На следующий день был объявлен приговор: суд решил избежать исключительной меры наказания, осудив Данилу Федорова к 14 годам лишения свободы. Вопреки ожиданиям, Марине Петриковой не удалось избежать строгого наказания, как соучастница убийства, она должна провести в колонии общего режима 8 лет. И это стало настоящим шоком.
Уже в машине, по дороге в следственный изолятор, понемногу приходя в себя, Марина услышала от Данилы слова, которые впоследствии помогли ей выжить на зоне:
— Никогда не жди конца срока, надейся лишь на день освобождения, не думай ни о каких амнистиях… И у тебя все получится…
После пронзительного гудка автозака массивные черные решетки СИЗО раздвинулись, дверь отворилась, и Марина спустилась на ступеньку вниз, чтобы на ватных ногах под конвоем пройти в камеру следственного изолятора и начать новую, не самую лучшую страницу своей жизни, в которой уже не было места жертвенной любви к Даниле.
34
Настойчивый стук не сразу разбудил постояльца — в дверь провинциального номера люкс колотила расстроенная Тамара.
— Ты? — прикрывая растительность на груди шелковой ночной сорочкой, пробормотал сонный Вениамин.
— Войти можно?
— Входи, раз пришла. И как тебя впустили в такое позднее время? Не похоже на нравственные устои советской гостиницы. Извини, чаю не могу предложить. Ресторан давно закрыт…
— Они зверски убили моего мальчика прямо в зале суда, — женщина обреченно опустилась на кресло.
— Прими мои соболезнования, — Вениамин, наконец, справился с пуговицами на сорочке.
— Как ты можешь так спокойно об этом говорить? — женщина вытерла платком слезу.
— А что я могу сделать? Изменить его я не смог…
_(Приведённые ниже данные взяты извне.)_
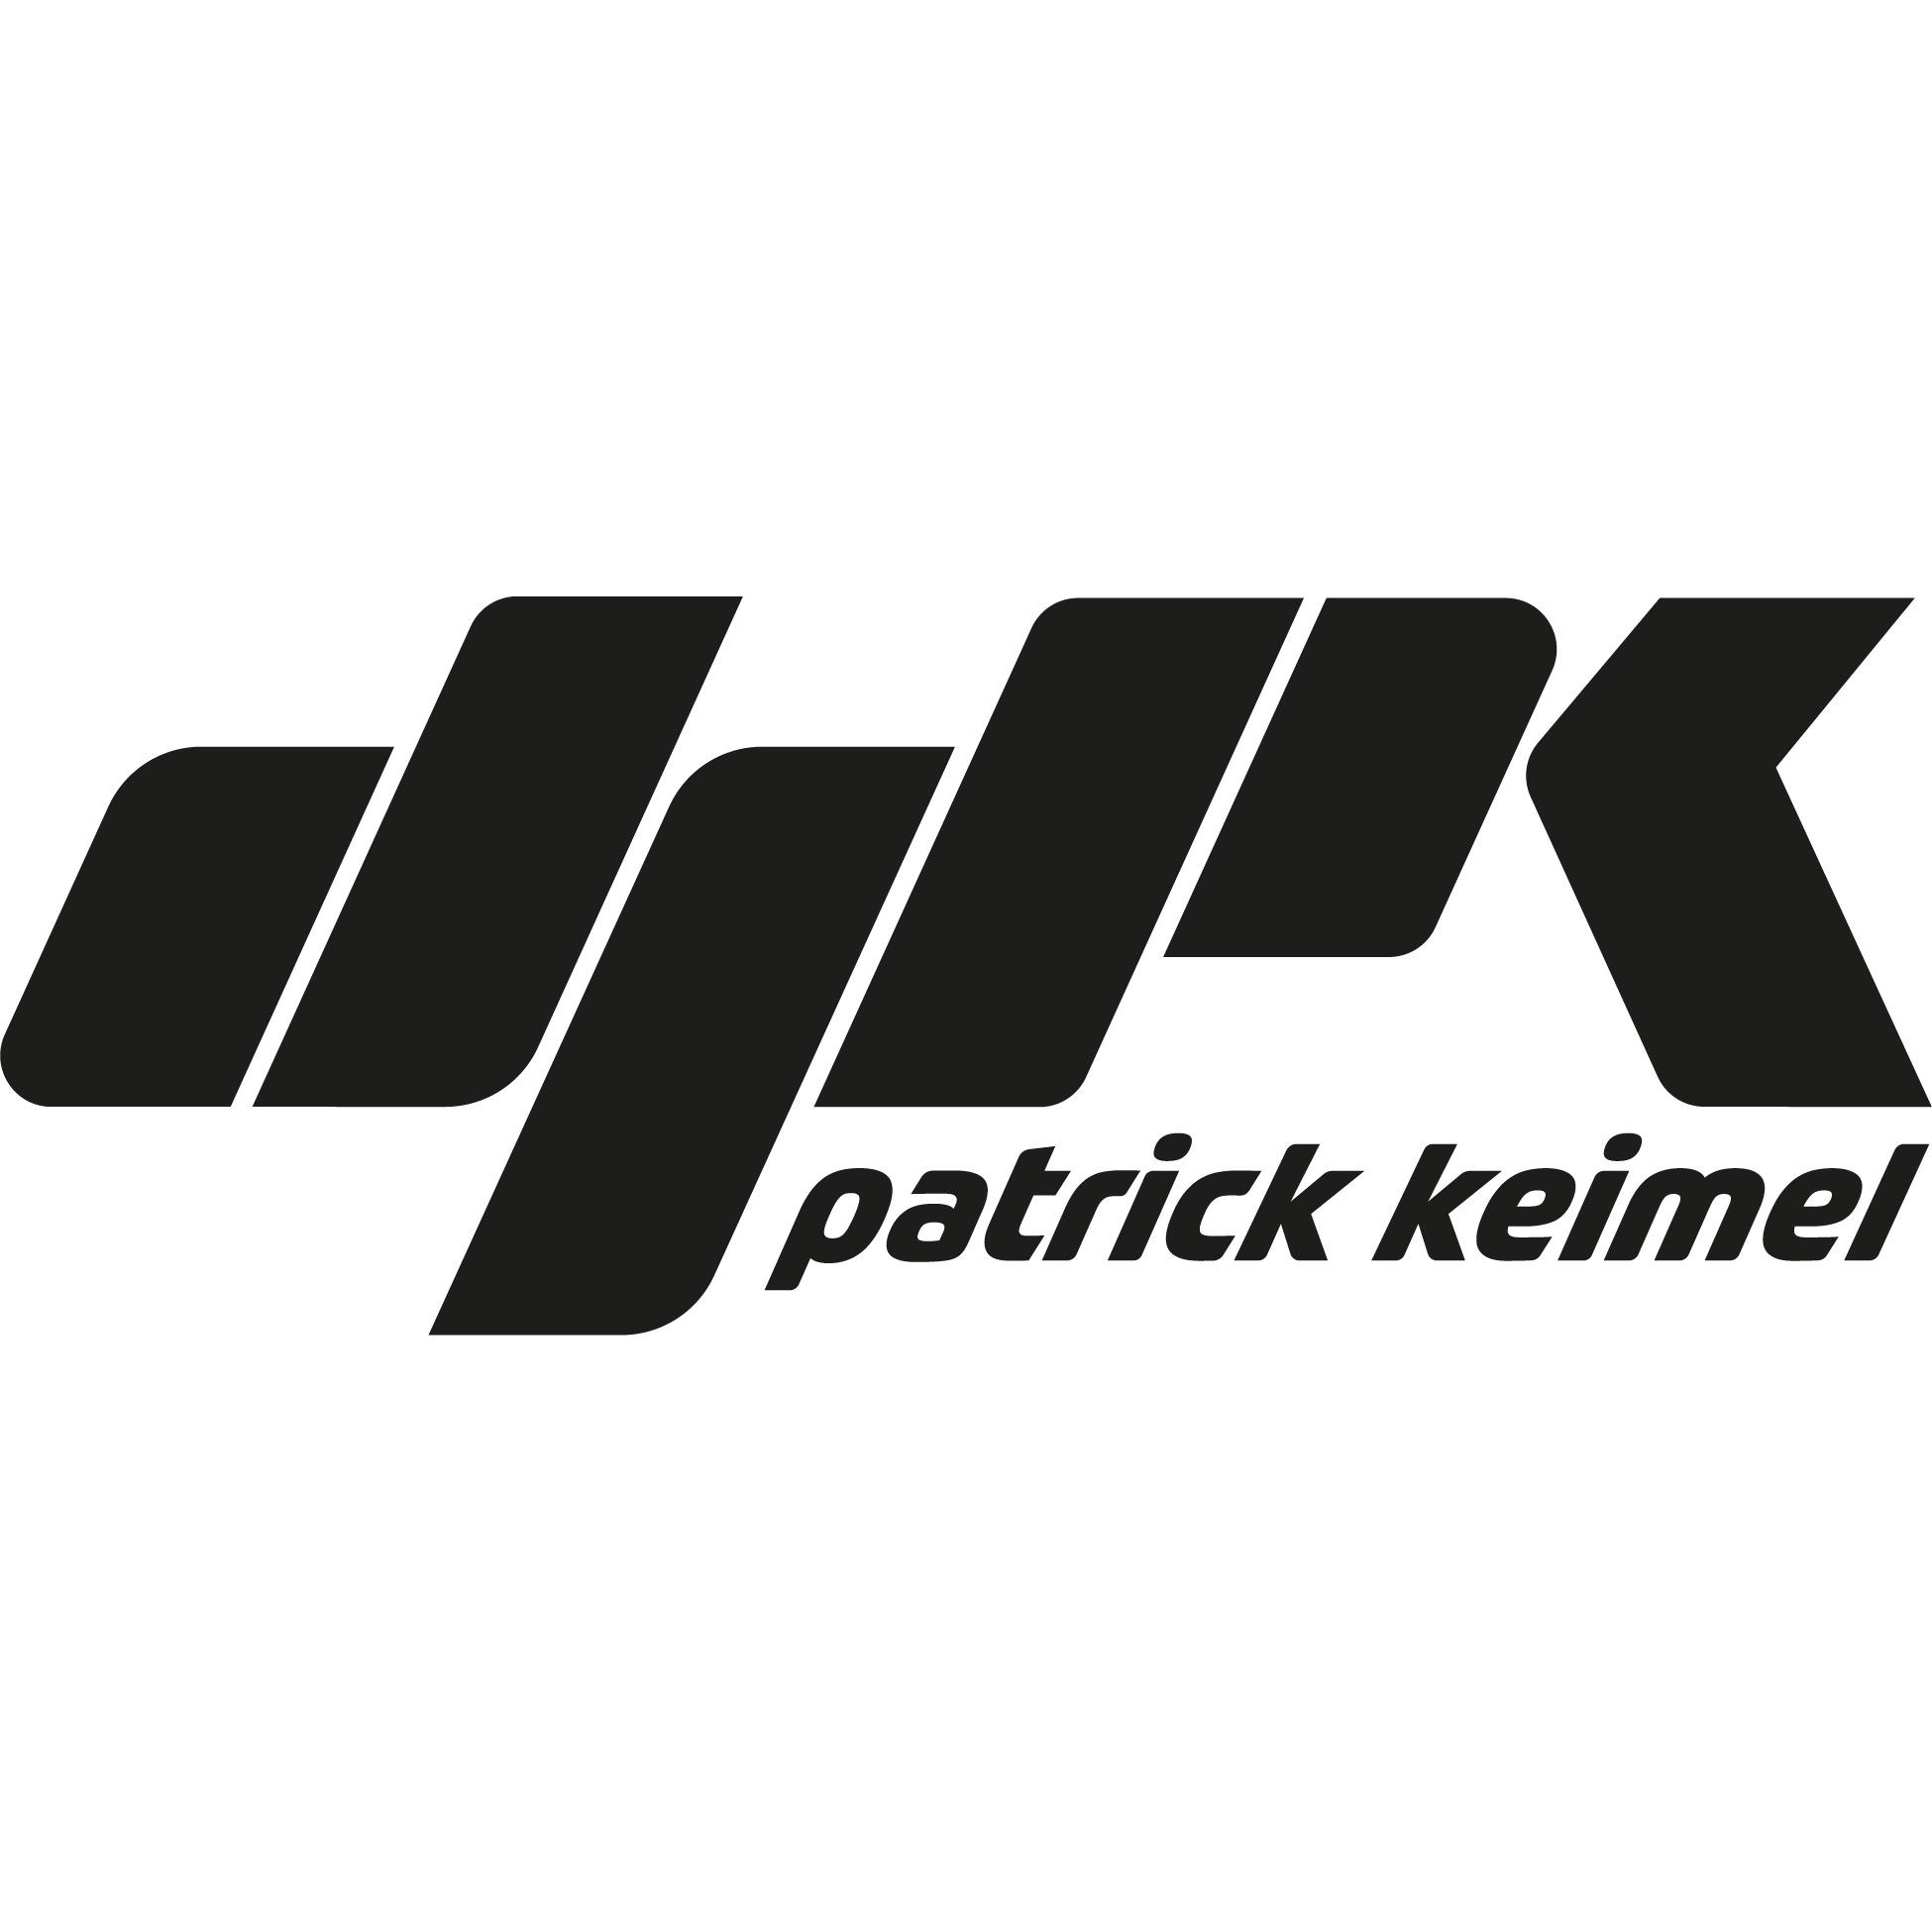 DJ Patrick Keimel - Event Venue - Schwerin - 01525 4643689 Germany | ShowMeLocal.com

— Он, между прочим, твой сын…
— В некотором смысле да. Что ты сказала?
— Через месяц после того как тебя арестовали, я узнала, что беременна. Никита — твой сын.
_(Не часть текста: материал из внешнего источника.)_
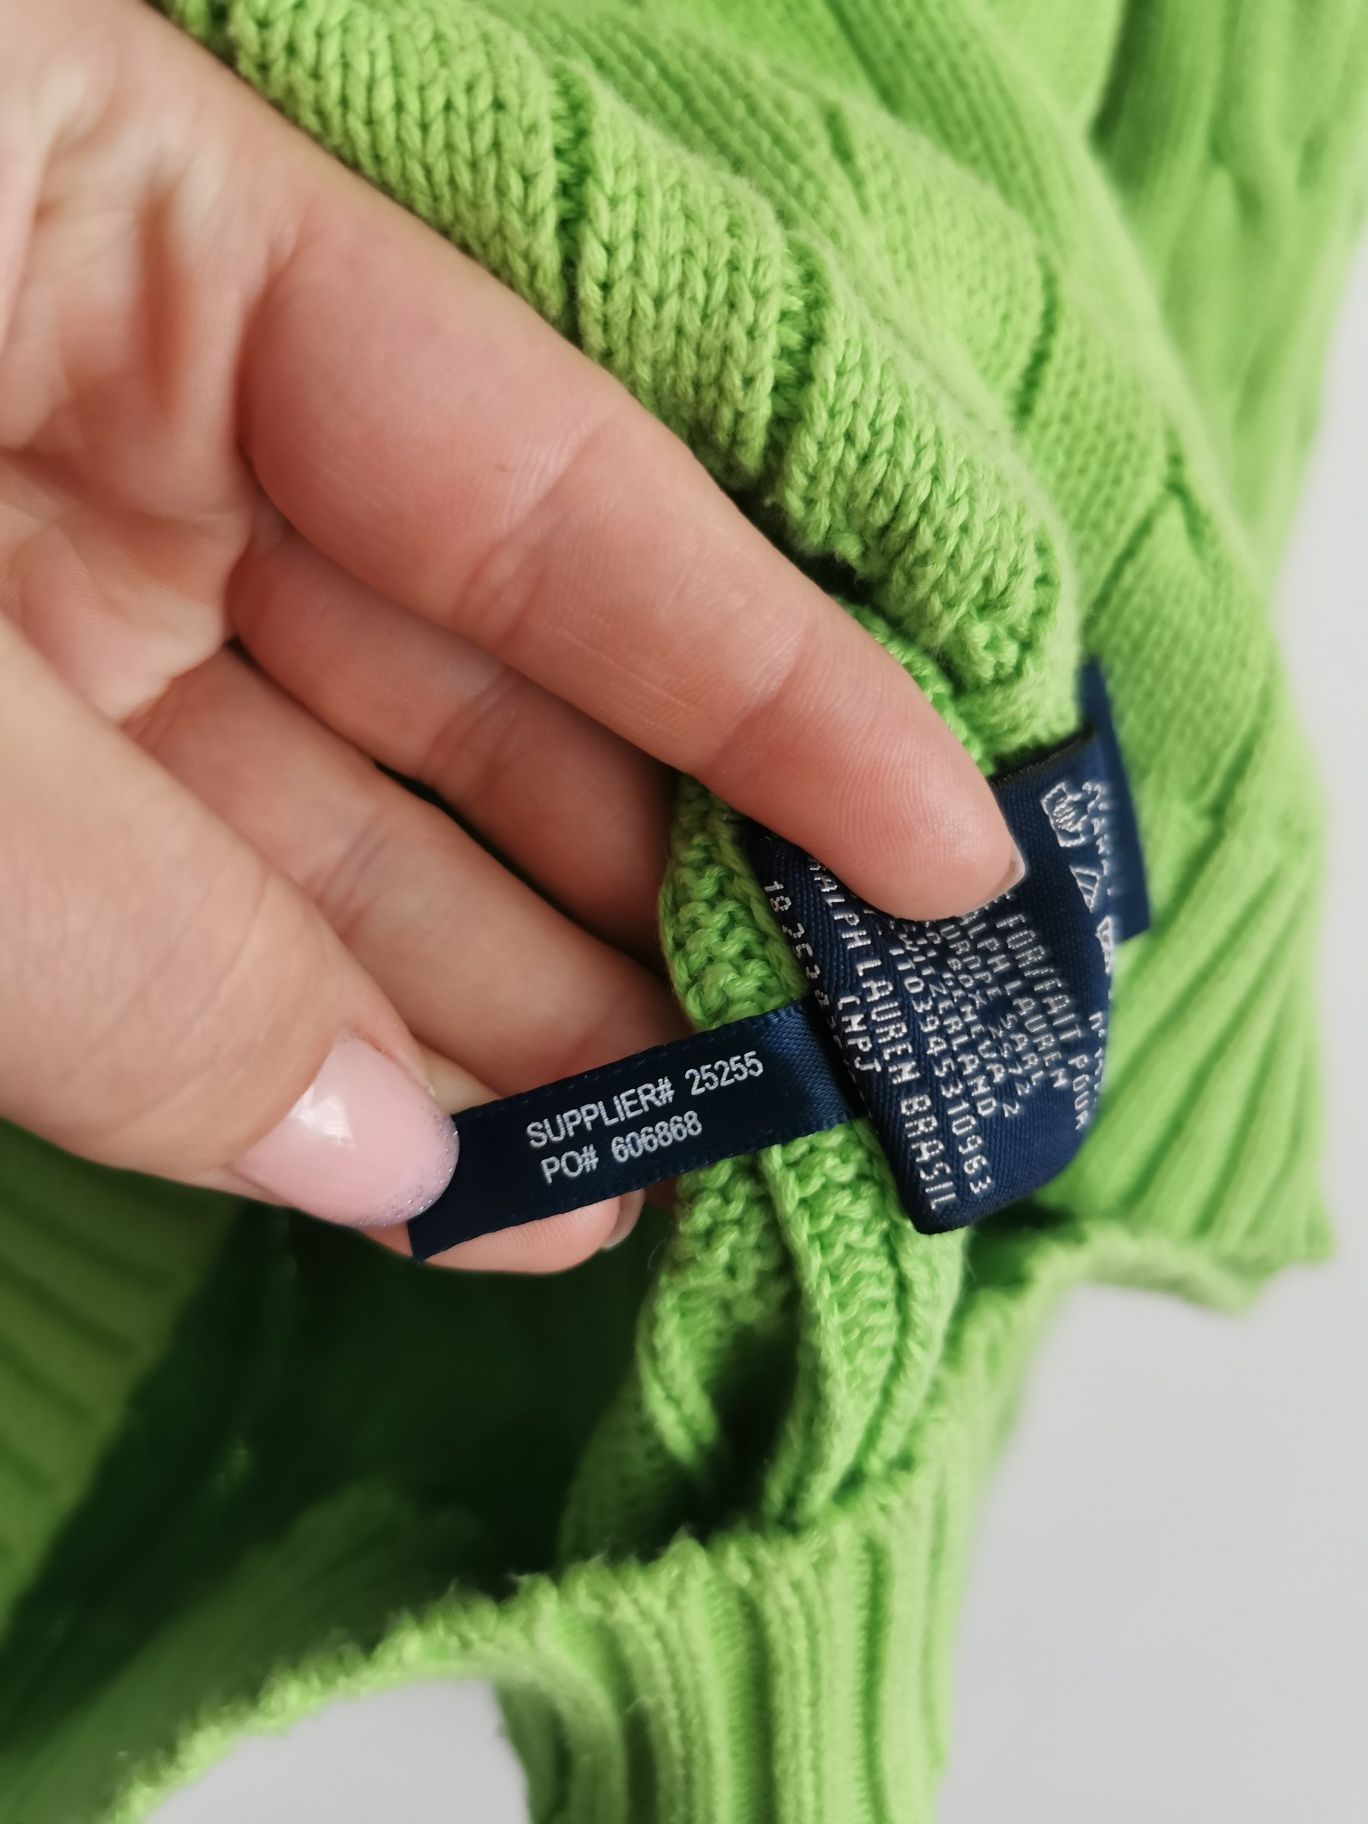 Ralph Lauren sweter warkocz damski logowany bawełniany M/L

— Почему же его воспитывал мой брат, а не я?
— А что мне было делать? Тебя осудили, рожать без мужа мне бы родители не позволили. Пришлось выйти замуж за твоего брата.
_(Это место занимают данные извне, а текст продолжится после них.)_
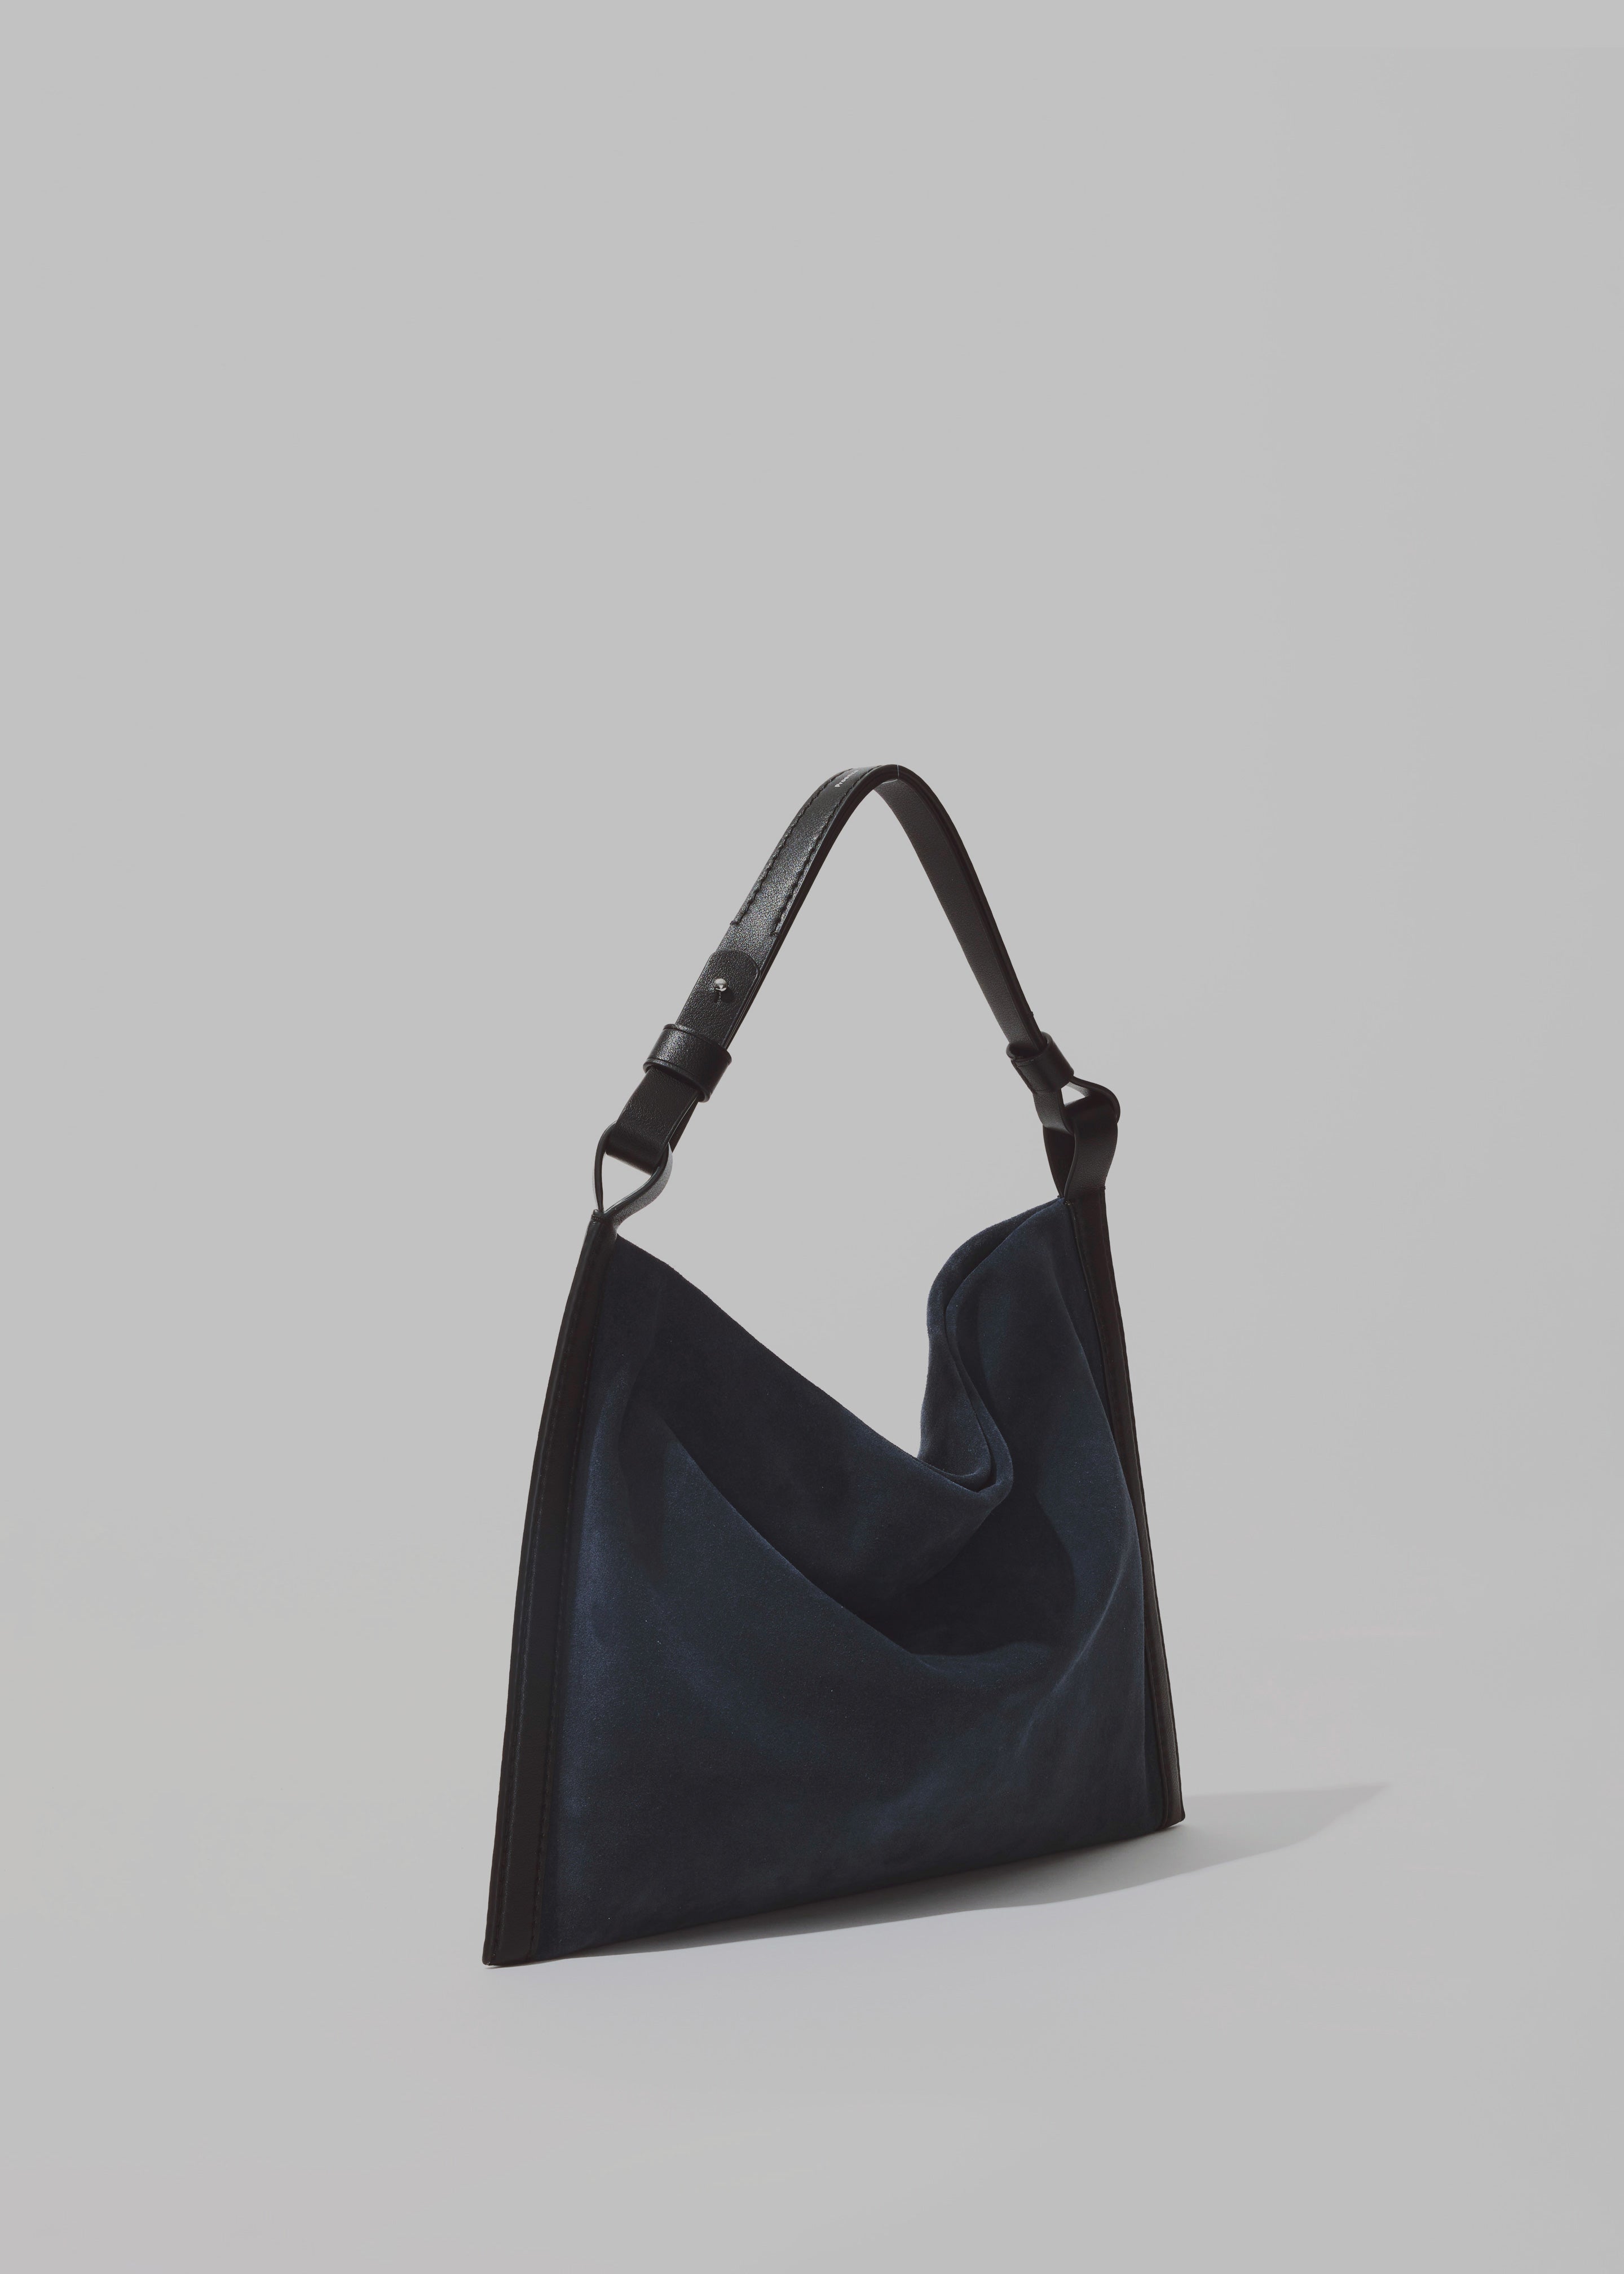 Proenza Schouler White Label Suede Minetta Bag - Navy/Black - 7

— В том, что ты не получила воспитания в институте благородных девиц, как это было у декабристских жен, я убедился сразу, как только ты выскочила замуж за Иннокентия. Тамара, я вышел на свободу через три года! Неужели тогда нельзя было исправить то, что натворила?
— Прости, Веня, я боялась. И потом, после освобождения ты стал совсем другим, чужим… То ли карты эти тебя испортили, то ли тюрьма…
— А как я должен был относиться, когда ты наставила мне рога с моим же братом? Может, ты вспомнишь, по какой причине я оказался в местах не столь отдаленных? Впрочем, я не хочу сейчас об этом говорить. Все быльем поросло…
— Веня, разве ты не мог помочь своему сыну, попавшему в беду?
— Не мог и не хотел! Во-первых, у него был шанс стать человеком. Во-вторых, то, что ты мне сейчас сказала, — ничего не меняет: он не мой сын, а сын того, кто его воспитал. У тебя нет сердца. Сделав меня несчастным, ты хочешь причинить боль еще одному человеку — моему брату? Он-то в чем виноват? Что случилось, то случилось. И не надо ничего менять. Я в течение последних трех лет пытался воздействовать на твоего сына, но тщетно. Он вырос с черной и черствой душой. Вполне возможно, что получилось это из-за лжи, в которую ты нас всех втравила. Так что, извини, но раскаяния я не чувствую. И не вздумай говорить что-либо Иннокентию. Впрочем, мне кажется, он и сам обо всем догадывается.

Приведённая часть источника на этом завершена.